АстраЗенека объявили в пятницу, что их маркетинговому приложению для исследуемого PD-L1-антитела дурвалюмаба было предоставлено приоритетное рассмотрение FDA в качестве потенциального лечения пациентов с местно-распространенным или метастатическим уротелиальным раком, болезнь которых прогрессировала во время или после как минимум одной стандартной платино-содержащей линии терапии. Главный врач Шон Боэн (Sean Bohen) заявил: «подача [для нашего одобрения] дурвалюмаба для лечения уротелиальной карциномы является важной вехой для пациентов, которые по-прежнему сталкиваются с неудовлетворенной медицинской потребность в этой области».

В АстраЗенека отметили, что его подача подтверждается данными когортного исследования уротелиальной карциномы 1108, текущей фазы I/II с пробным тестированием дурвалюмаба, также известного как MEDI4736, у больных с прогрессирующими солидными опухолями.
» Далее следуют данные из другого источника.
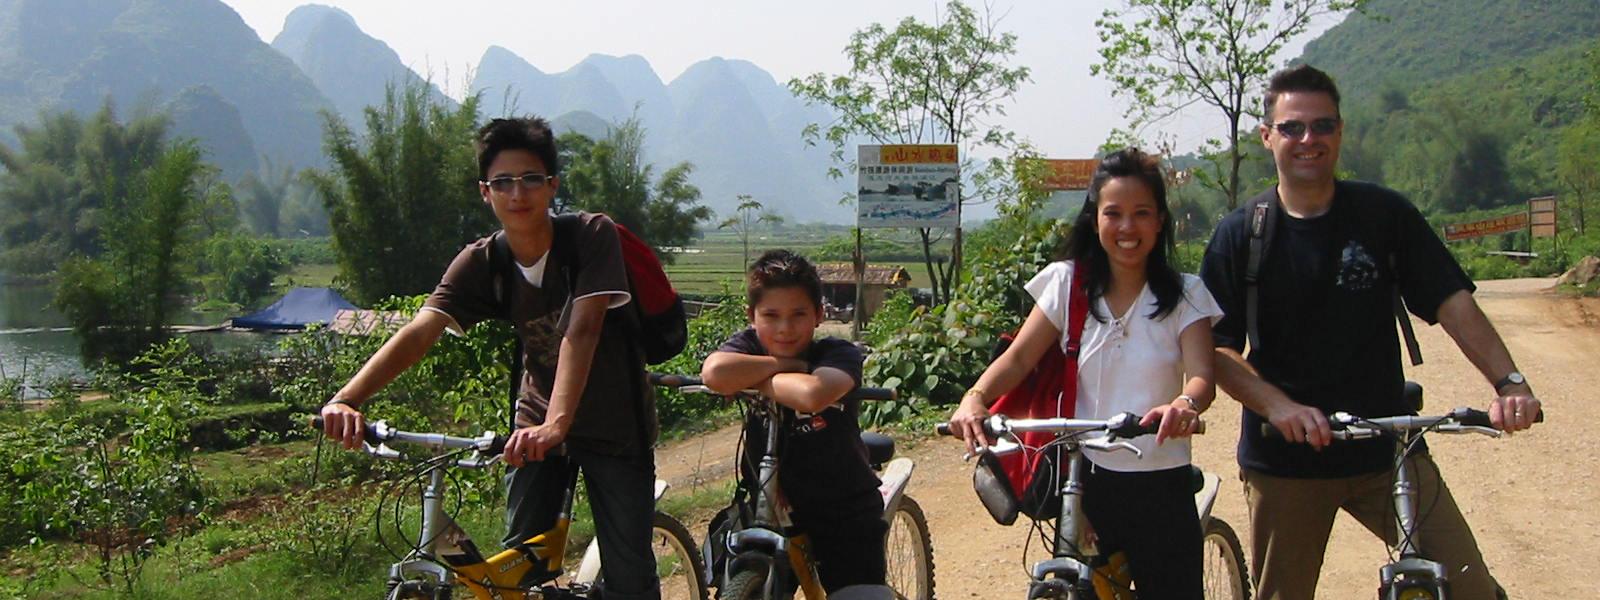 Cycling through beautiful scenery of China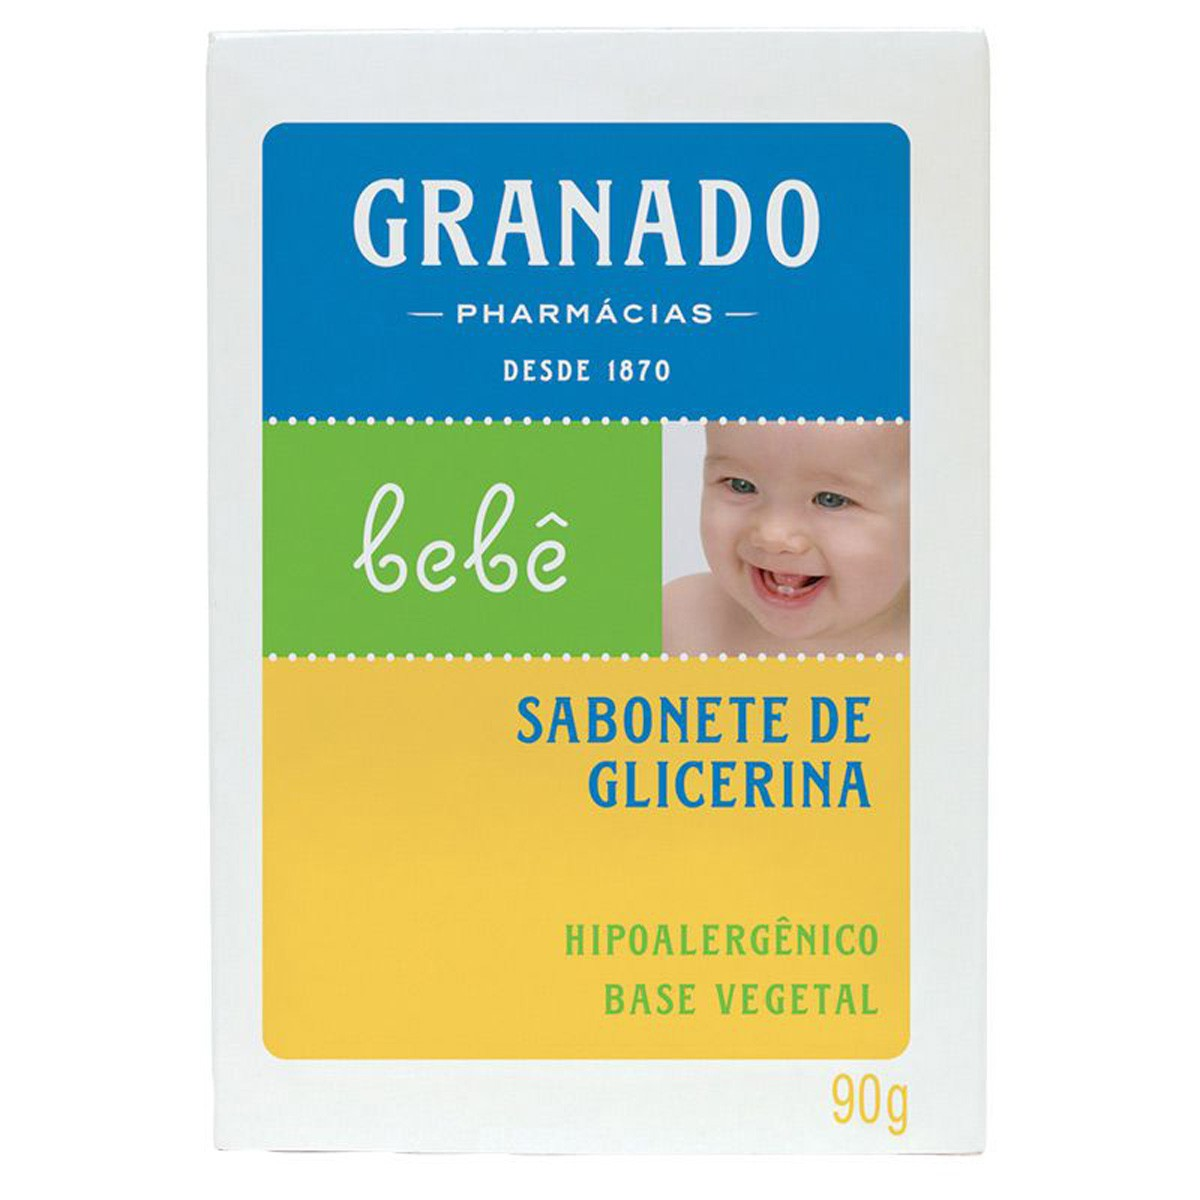 Sabonete de Glicerina Bebê Granado 90 g

Между тем, предварительные результаты фазы I/II исследования, представленные на конференции ASCO в июне показали, что монотерапия дурвалюмабом была связана с объективной частотой ответа на лечение 31% процентов всех оцениваемых пациентов с уротелиальным раком мочевого пузыря, и частотой ответа 46% у лиц с PD-L1-высокоэкспрессирующими опухолями.

FDA, который удостоил дурвалюмаб статуса прорывной терапии ранее в этом году, как ожидается, примет окончательное решение о том, чтобы утвердить препарат для лечения уротелиальной карциномы во втором квартале 2017 года.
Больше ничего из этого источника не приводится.